When you back up data on a server cluster node, make sure you also back up the cluster quorum. The cluster quorum is important because it contains the current cluster configuration, application registry checkpoints, and the cluster recovery log.

You can use the Backup Wizard to back up the cluster quorum data if you perform a System State backup from any node provided the Cluster service is running on that node.

For information, see Back up the cluster quorum.

Data on the cluster disks

To back up all cluster disks owned by a node, perform a full backup from that node.

You can also back up this data through a network connection to a hidden administrative file share. For example, you might use the New Resource Wizard to create FBackup$, GBackup$, and HBackup$ file shares for the root of drives F, G, and H, respectively. These shares would not appear in the browse list and could be configured to allow access only to members of the Backup Operators group.

For information on backing up data on the cluster disks, see Back up data on cluster nodes.

Important

  • If a cluster disk owned by the node being backed up fails over to another node during the backup process, the backup set will not contain a full backup of that disk.

Important

  • You can only backup a cluster disk on a local node. You cannot backup a cluster disk on a remote computer.

Data on the individual cluster nodes

After you back up the cluster quorum disk on one node, it is not necessary to back up the quorum on the remaining cluster nodes. However, you may want to back up the clustering software, cluster administrative software, system state, and application data on the remaining nodes.

Important

  • If you back up the system state for a node, you will also automatically back up the quorum data as long as the Cluster service is running on that node.
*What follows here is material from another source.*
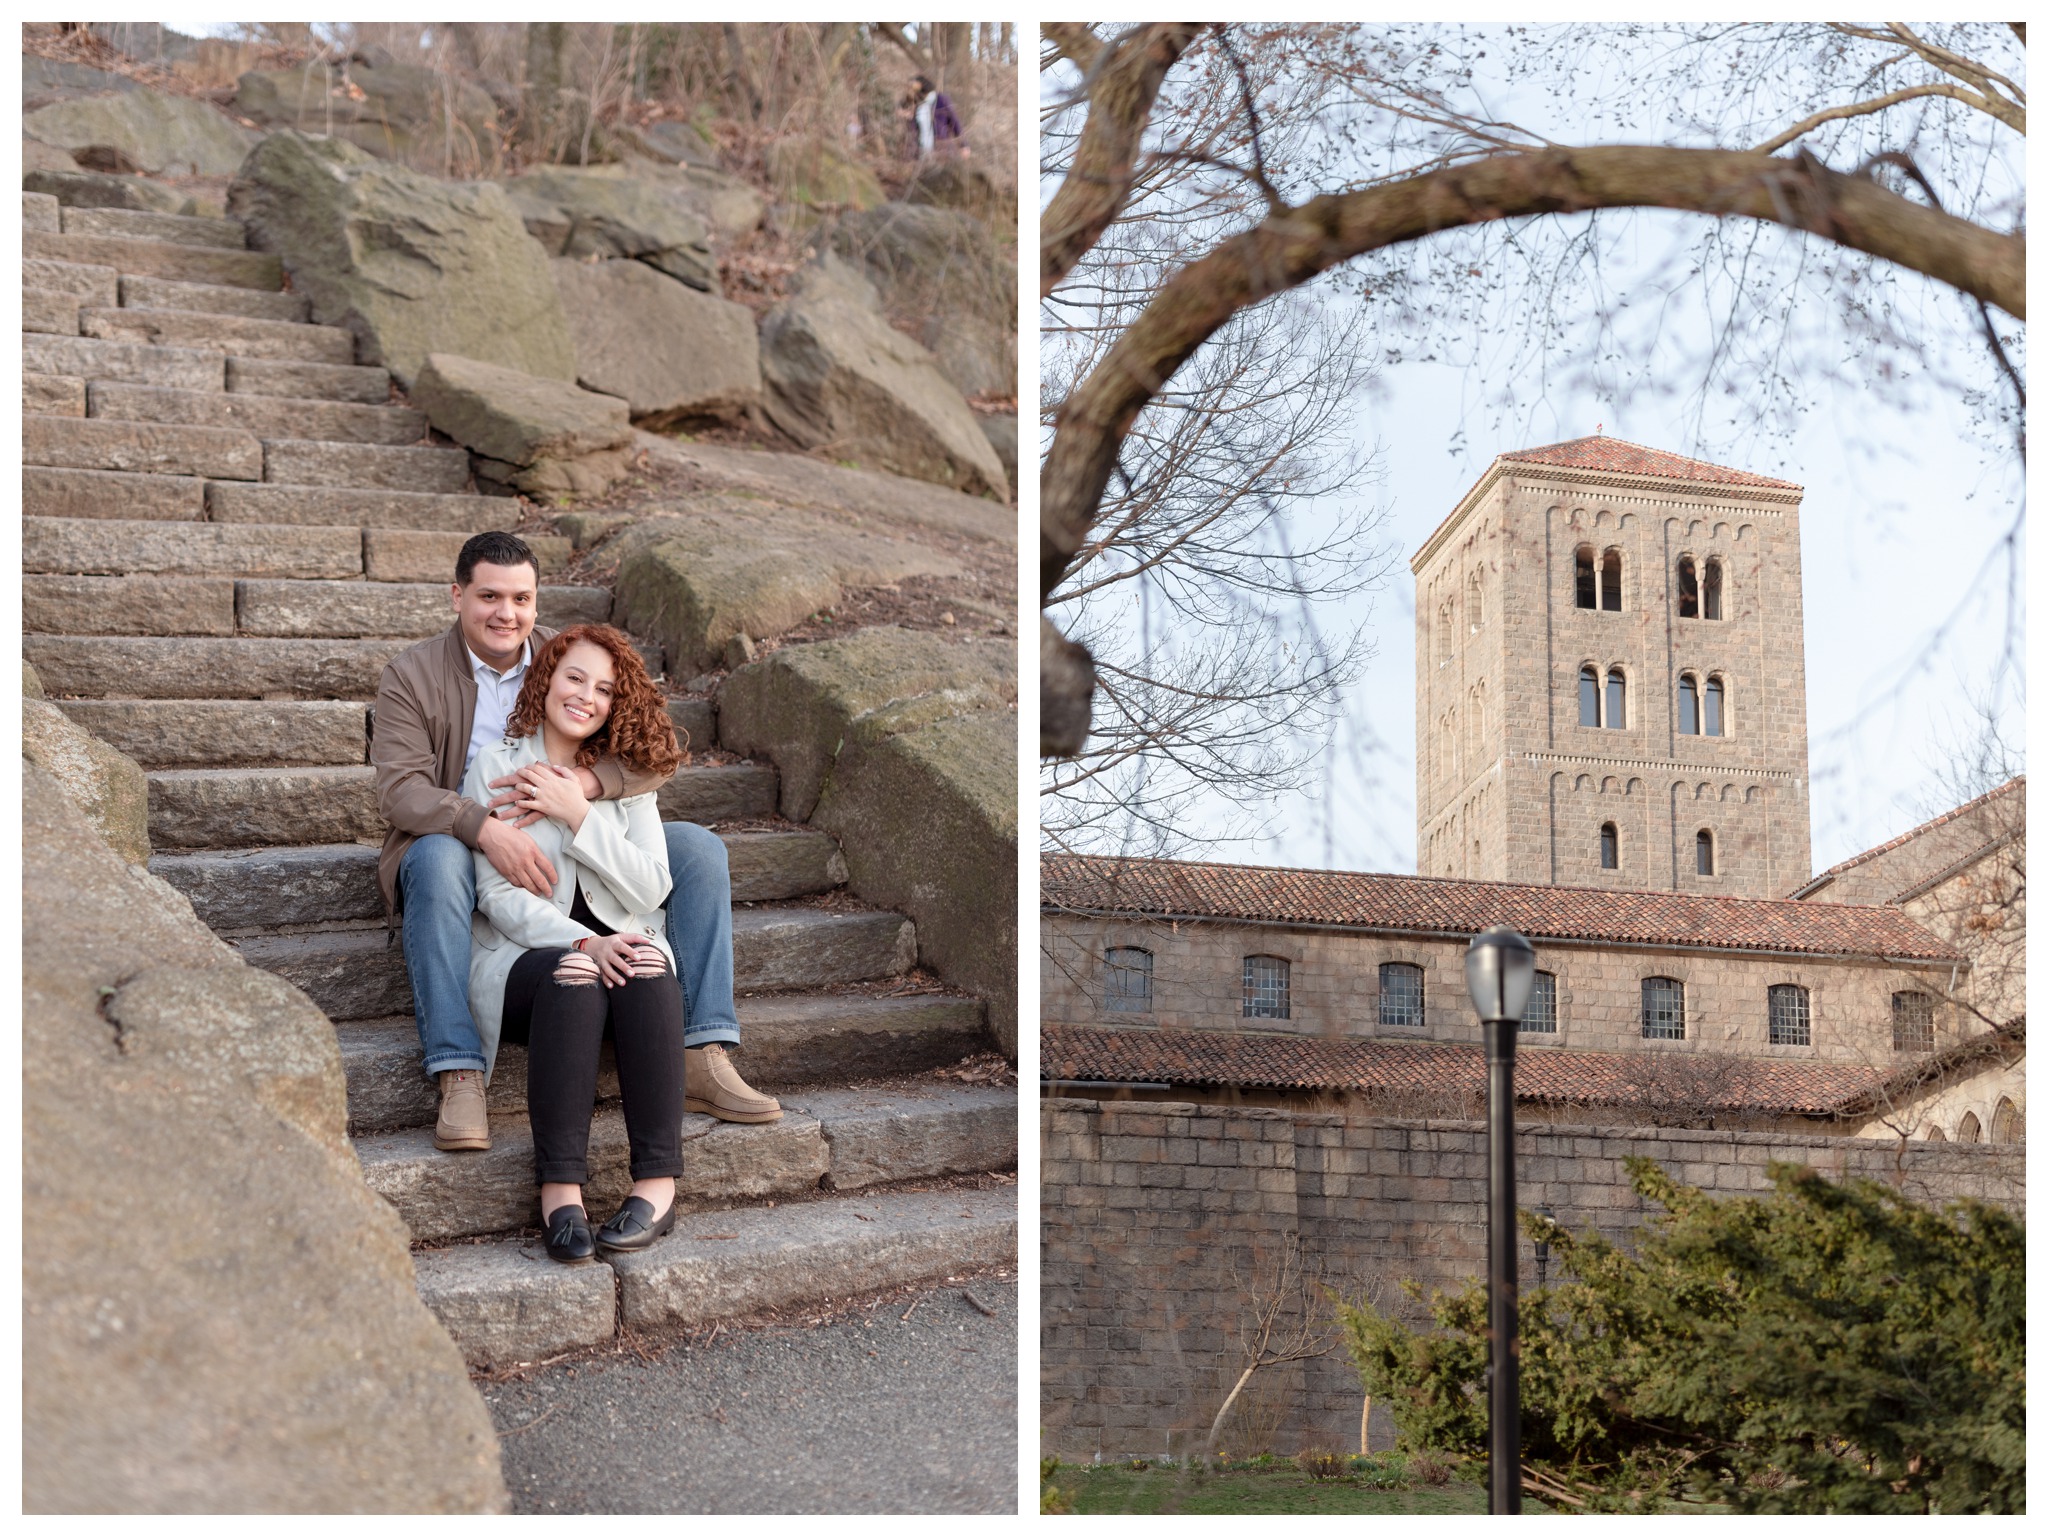 fort tryon park engagement session at the stone steps near cloisters building
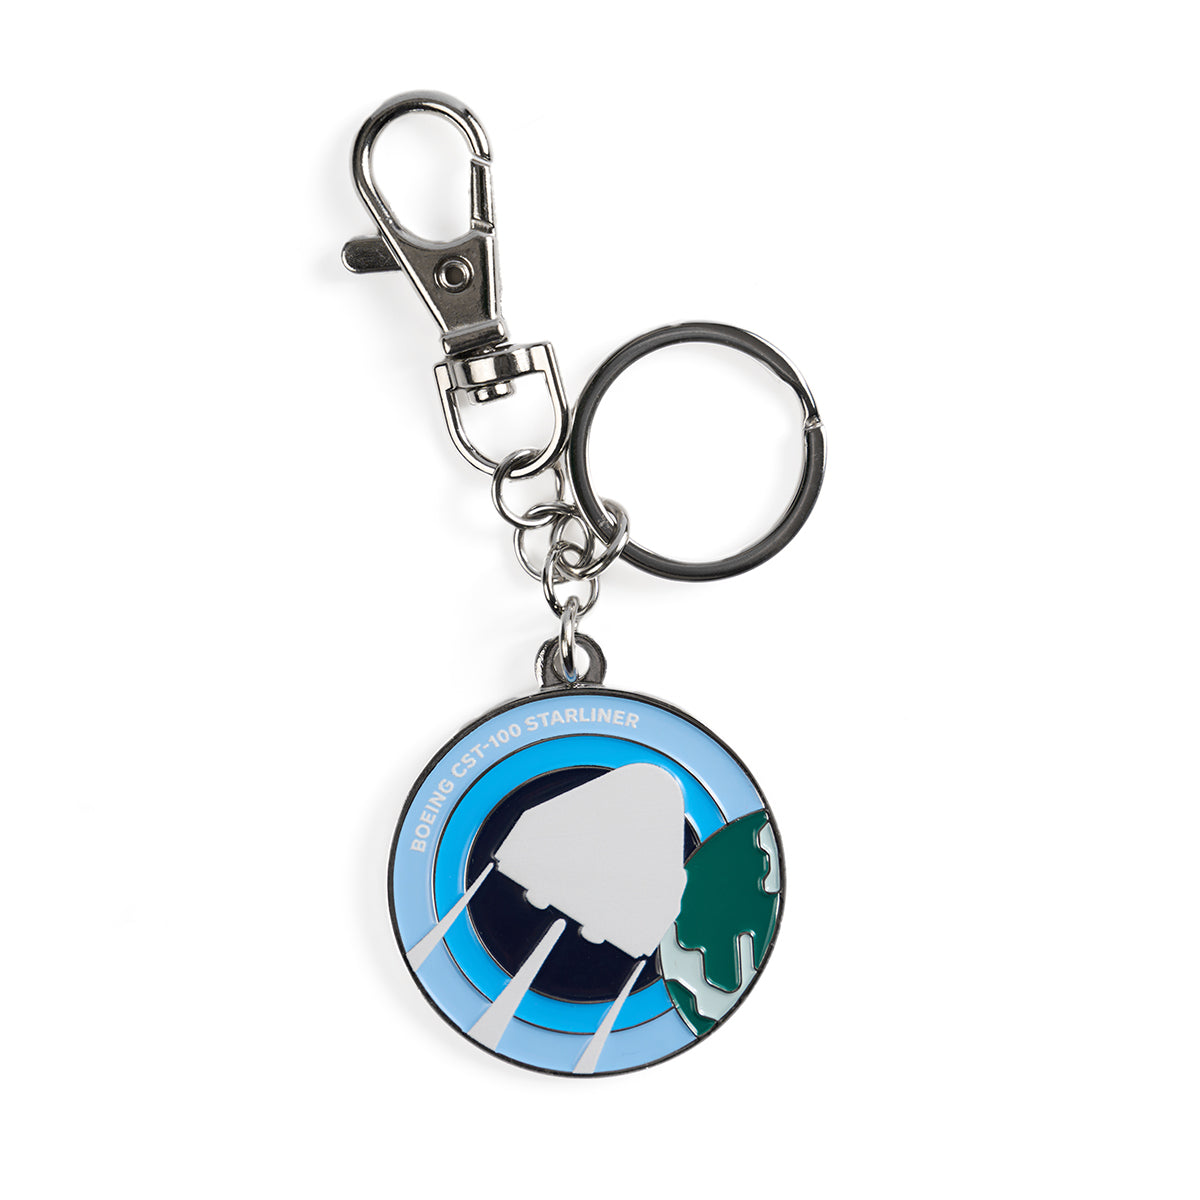 Skyward keychain, featuring the iconic Boeing CST-100 Starliner in a roundel design.

For information on backing up data on individual cluster nodes, see Back up data on cluster nodes.

Cluster failure and restore scenarios

This section describes ten failure scenarios that will require restoring your cluster. The type of failure you experience determines the steps you must follow.

  • Scenario 1—Cluster Disk Data Loss

  • Scenario 2—Cluster Quorum Corruption

  • Scenario 3—Cluster Quorum Loses Checkpoints

  • Scenario 4—Cluster Disk Corruption or Failure

  • Scenario 5—Cluster Quorum Disk Failure

  • Scenario 6—Single Cluster Node Corruption or Failure

  • Scenario 7—Cluster Quorum Rollback

  • Scenario 8—Complete Cluster Failure

  • Scenario 9—Majority Node Set Cluster Failure

  • Scenario 10—Application Data Loss in a Server Cluster

Scenario 1—Cluster Disk Data Loss

If you have lost files and folders on one of your cluster disks, but not on the disk containing the cluster quorum, you can use the Backup or Restore Wizard to restore that data.

Important

  • You must restore the cluster disk data from the node that owns the cluster disk.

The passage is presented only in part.